Deer and foxes walk down the streets more often than people and don't know they're streets. Wild goats jump from roof to roof, pediment to pediment, and see no difference here than jumping from their cliffs. Owls hoot all night or scream.
But the animals depicted over the doorways and along the pediments are none of these, they're of a kind never seen on this world. Birds that have no feet and look like fish with wings, feathered creatures with five eyes. There's an animal that's all mouth and hardly any body. There's an animal that looks like a flower but with teeth and six long leafy legs.
All this, not only so the young ones can see something of the world they're missing, but so they can grow up among their own kind and not be contaminated by the natives. Also so they can wait for rescue together and not be scattered over this whole primitive world.
The disadvantages of the city are, it's even more primitive than the natives' world, and you never see the sun except filtered through the leaves. The advantages are, you never feel the full force of hail or sleet of mountain storms and you're hidden so well not even a low flying helicopter would guess the city was here.
* * *
Back when we were children, the whole city was our playground. We still know every crook and cranny. We know where to avoid the bears and wild cats, where to hunt for deer.... My favorite spot is where the fox kits play. I sit, not stone still, just normal, moving if I want to, and the kits come right up to me. Mostly from the back. I make sure not to turn around. They don't like to be looked at. Funny, it's the runt that comes up and looks at me from the front. She's the boldest. Or maybe the stupidest. But she's my favorite. I love how they sound like cats and look like them, too. Odd how a canine can seem so much like a cat.

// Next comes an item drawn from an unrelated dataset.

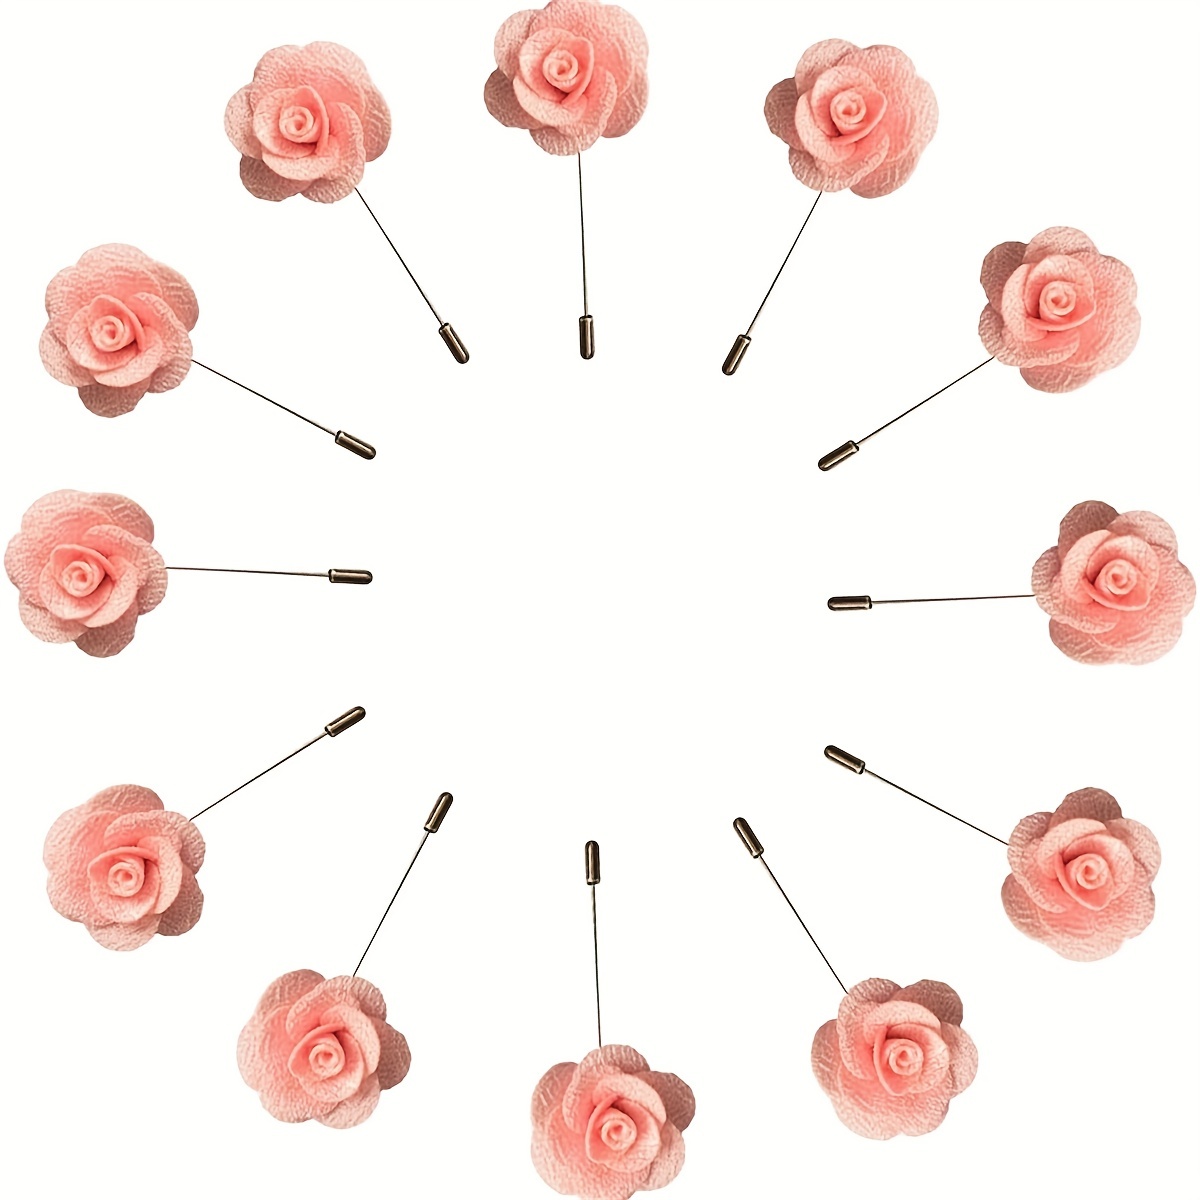 Pin on Roses in accessories

But domestic cats don't last a half hour up here and didn't even last on the way. We brought some with us when we first came. None of us kids wanted to come so our parents brought along our cats and dogs. By the first week out, coyotes got every single one. We'd brought mine. She was a calico. I found her the very first morning of our trek, with her stomach torn out. Why didn't our parents know that would happen? They should have known. I know our world is so much better that they didn't think it was worth while paying attention to this one, but they should have known.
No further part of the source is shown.